What to do ->
An exact transcription of the lines from the one holding "german digital b2b platforms by" to the end of the entries below, and nothing more, is the required answer. Please omit the pictures.

[Collected data]

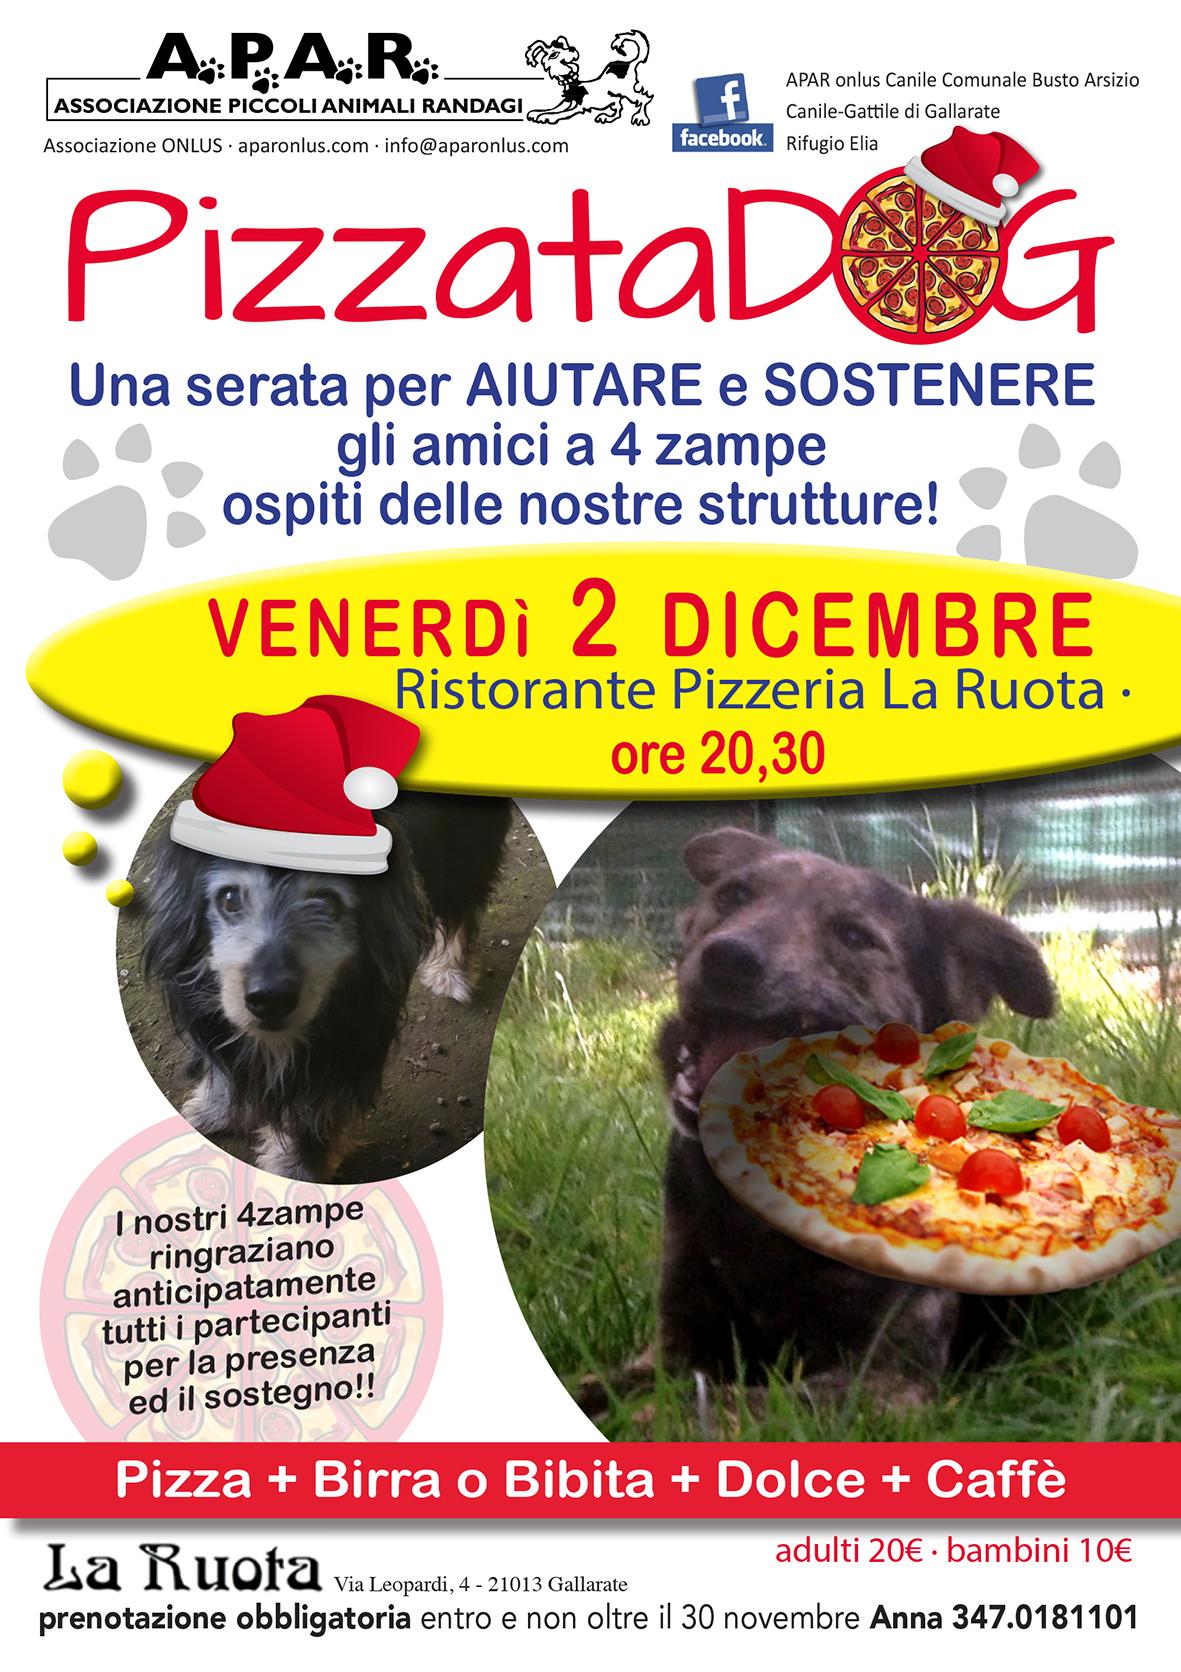 Pizzadog!
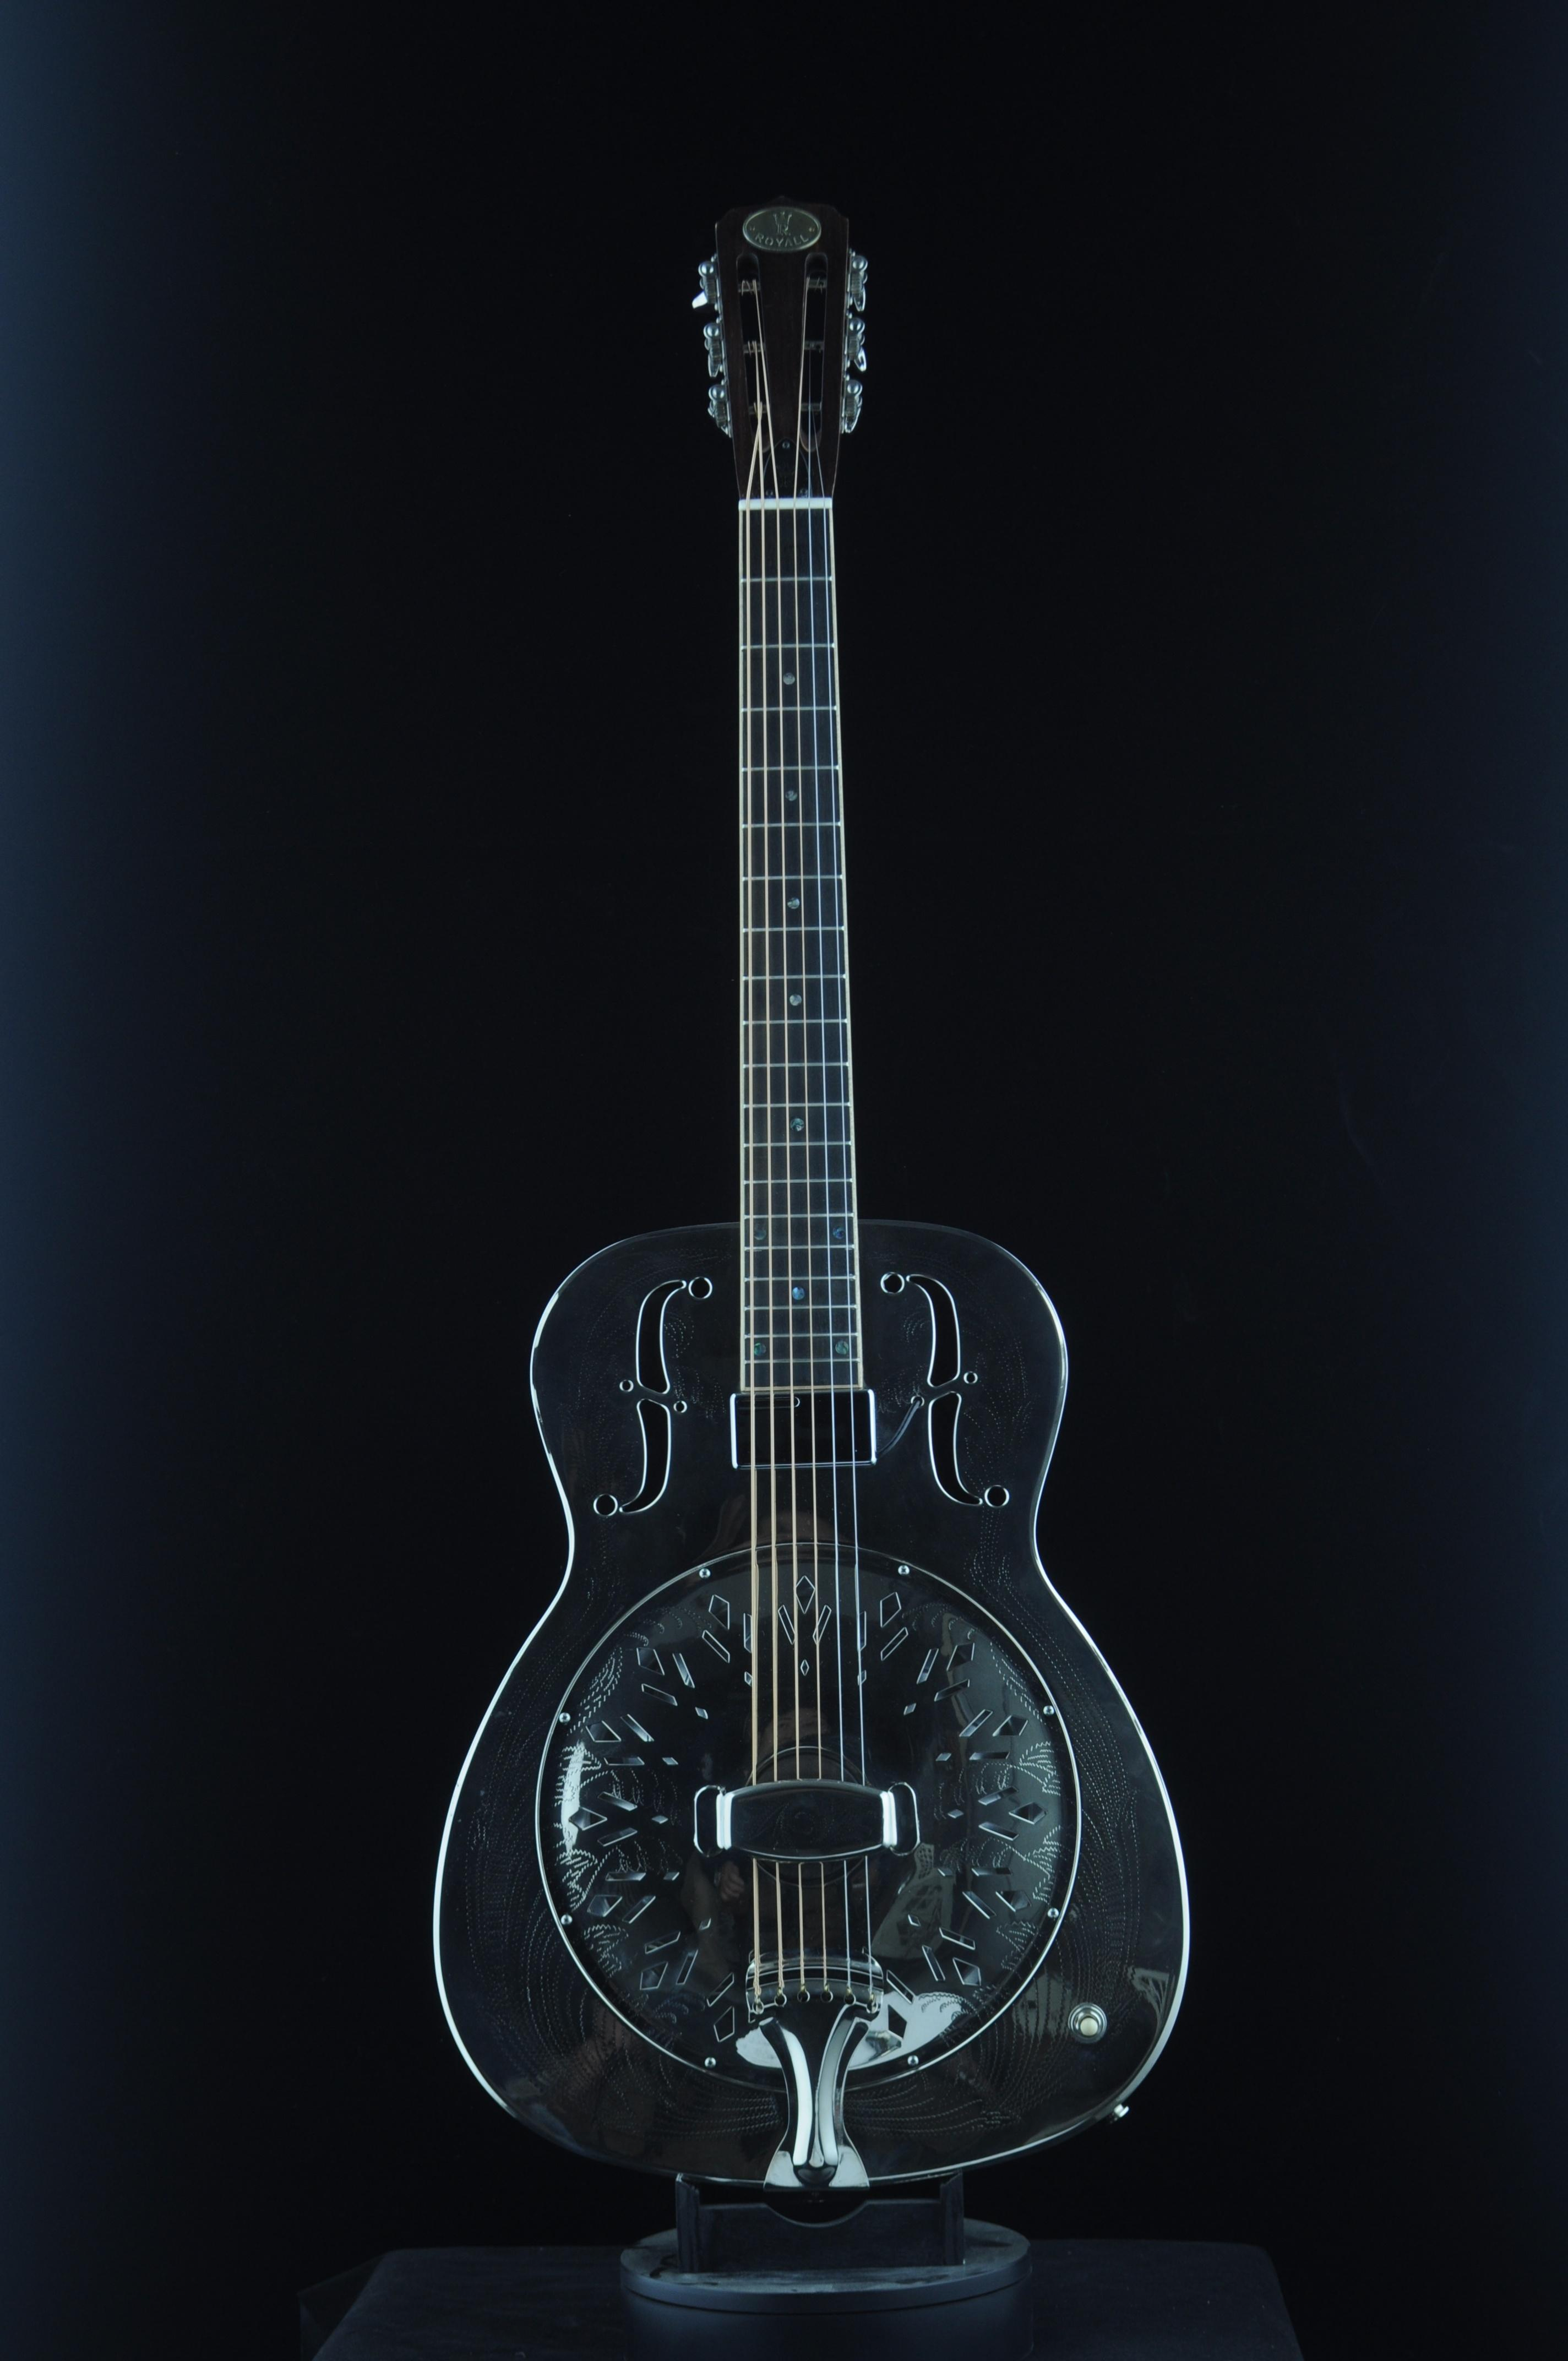 198 Nickel Engraving 雕刻
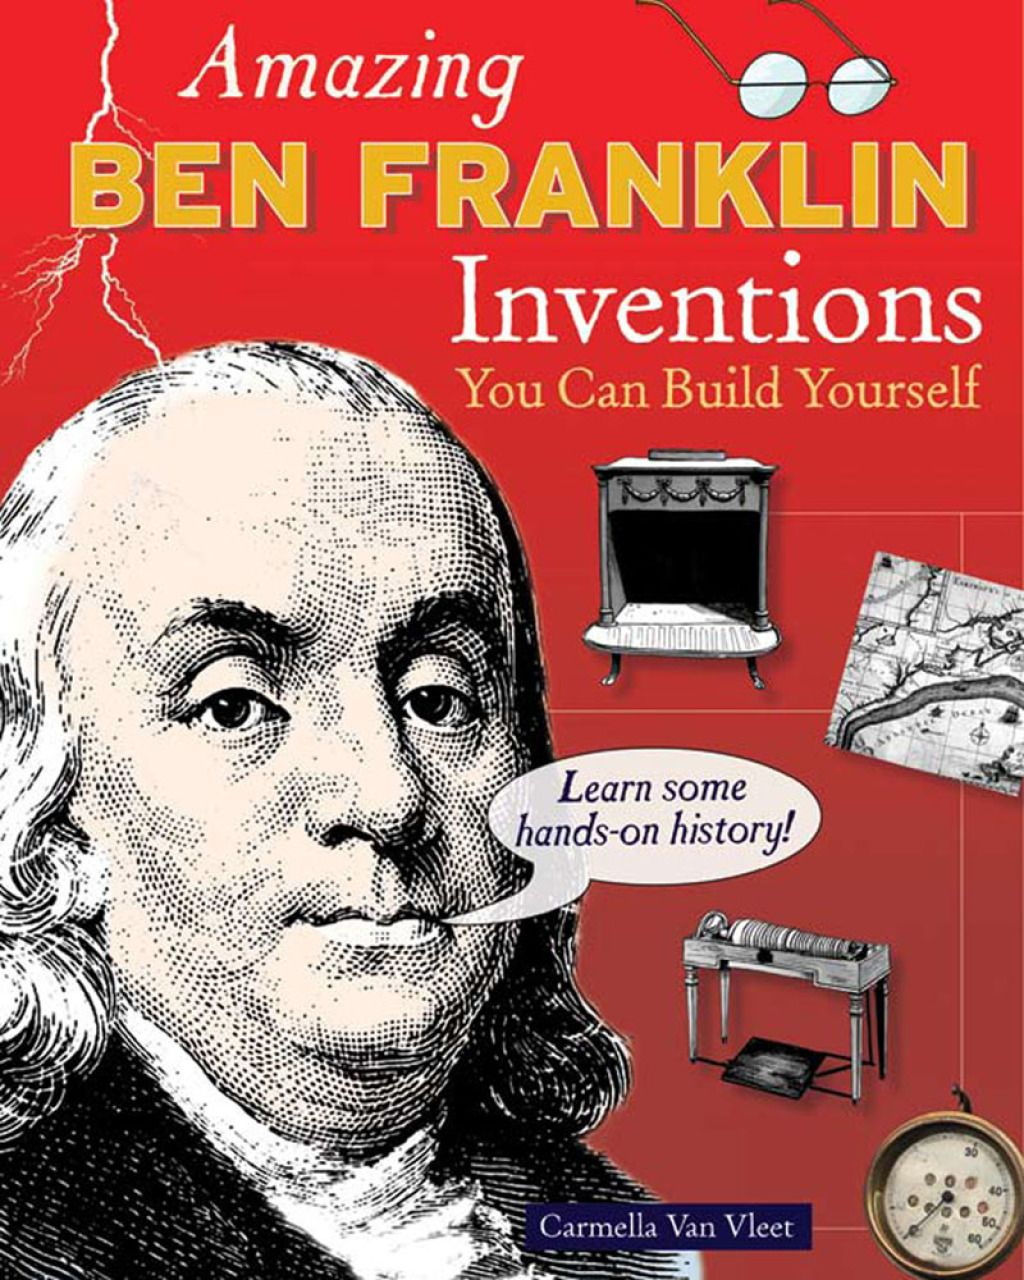 Amazing Ben Franklin Inventions Ebook
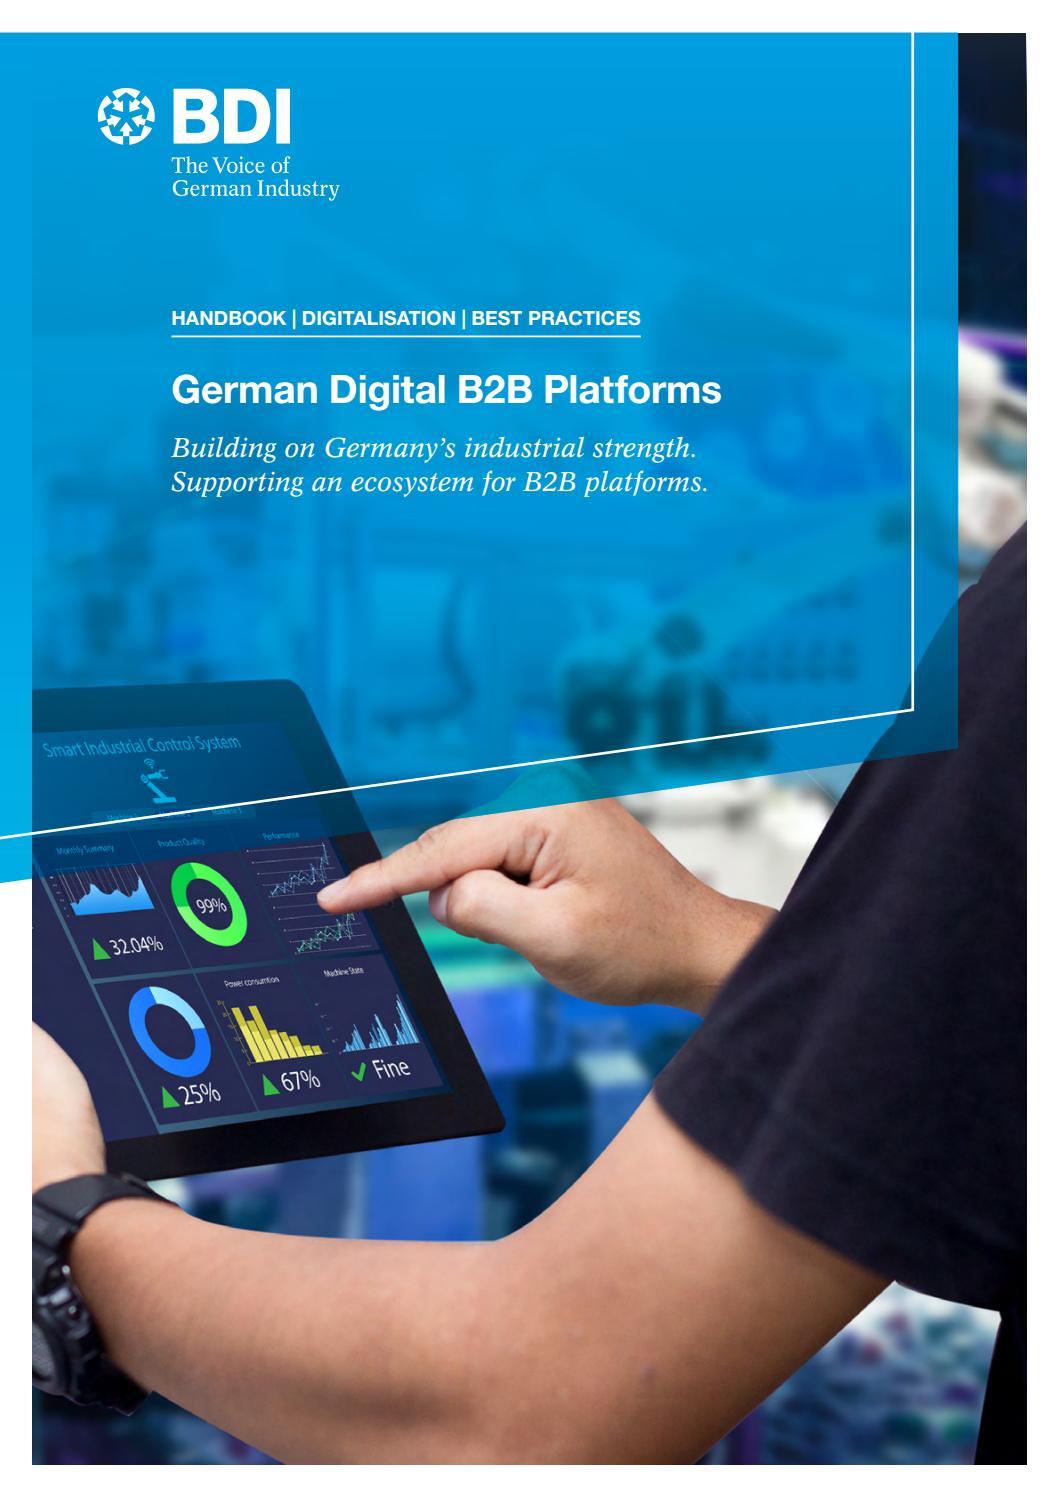 german digital b2b platforms by
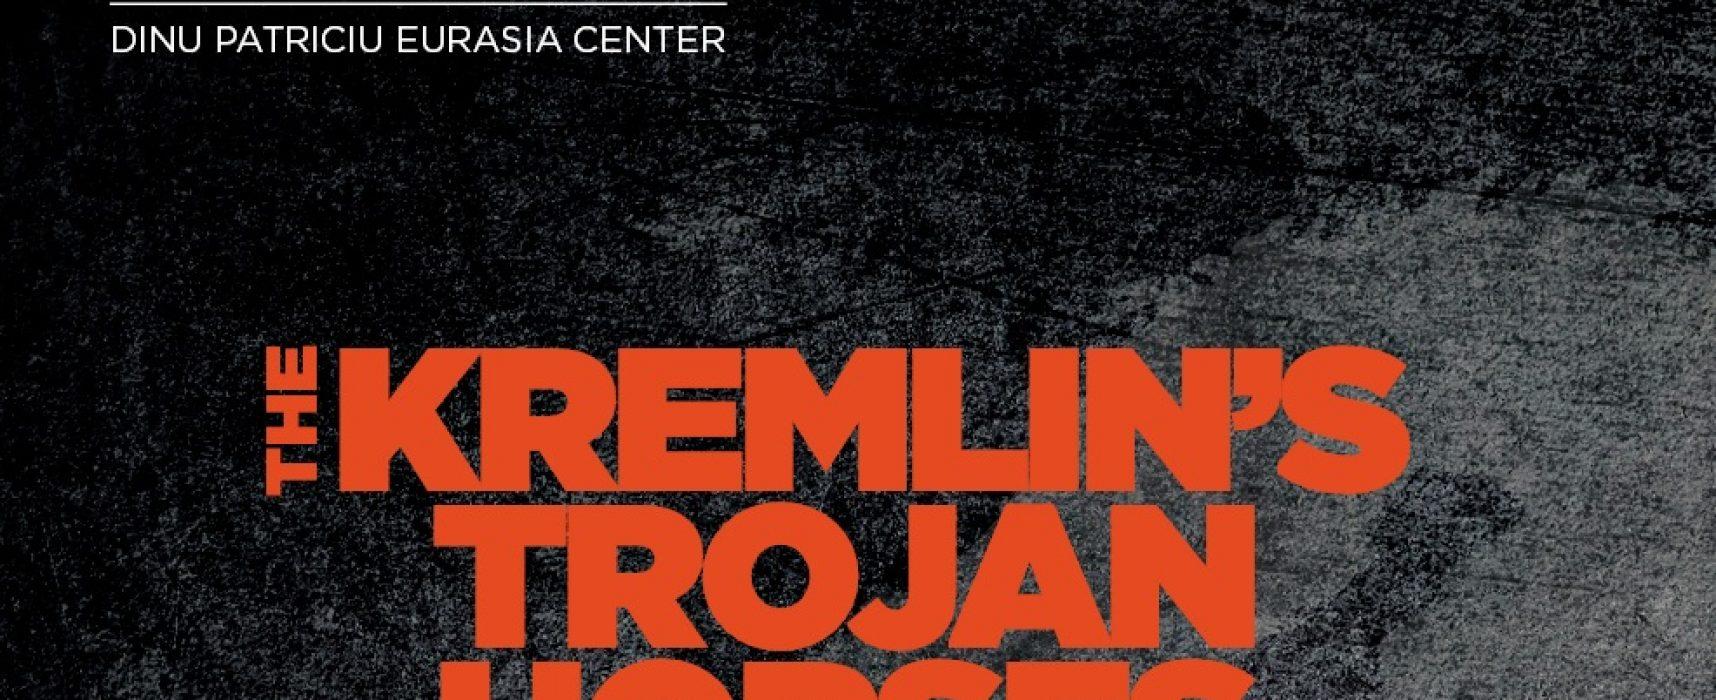 The Kremlin's Trojan Horses

Answer space ->
 german digital b2b platforms by
 The Kremlin's Trojan Horses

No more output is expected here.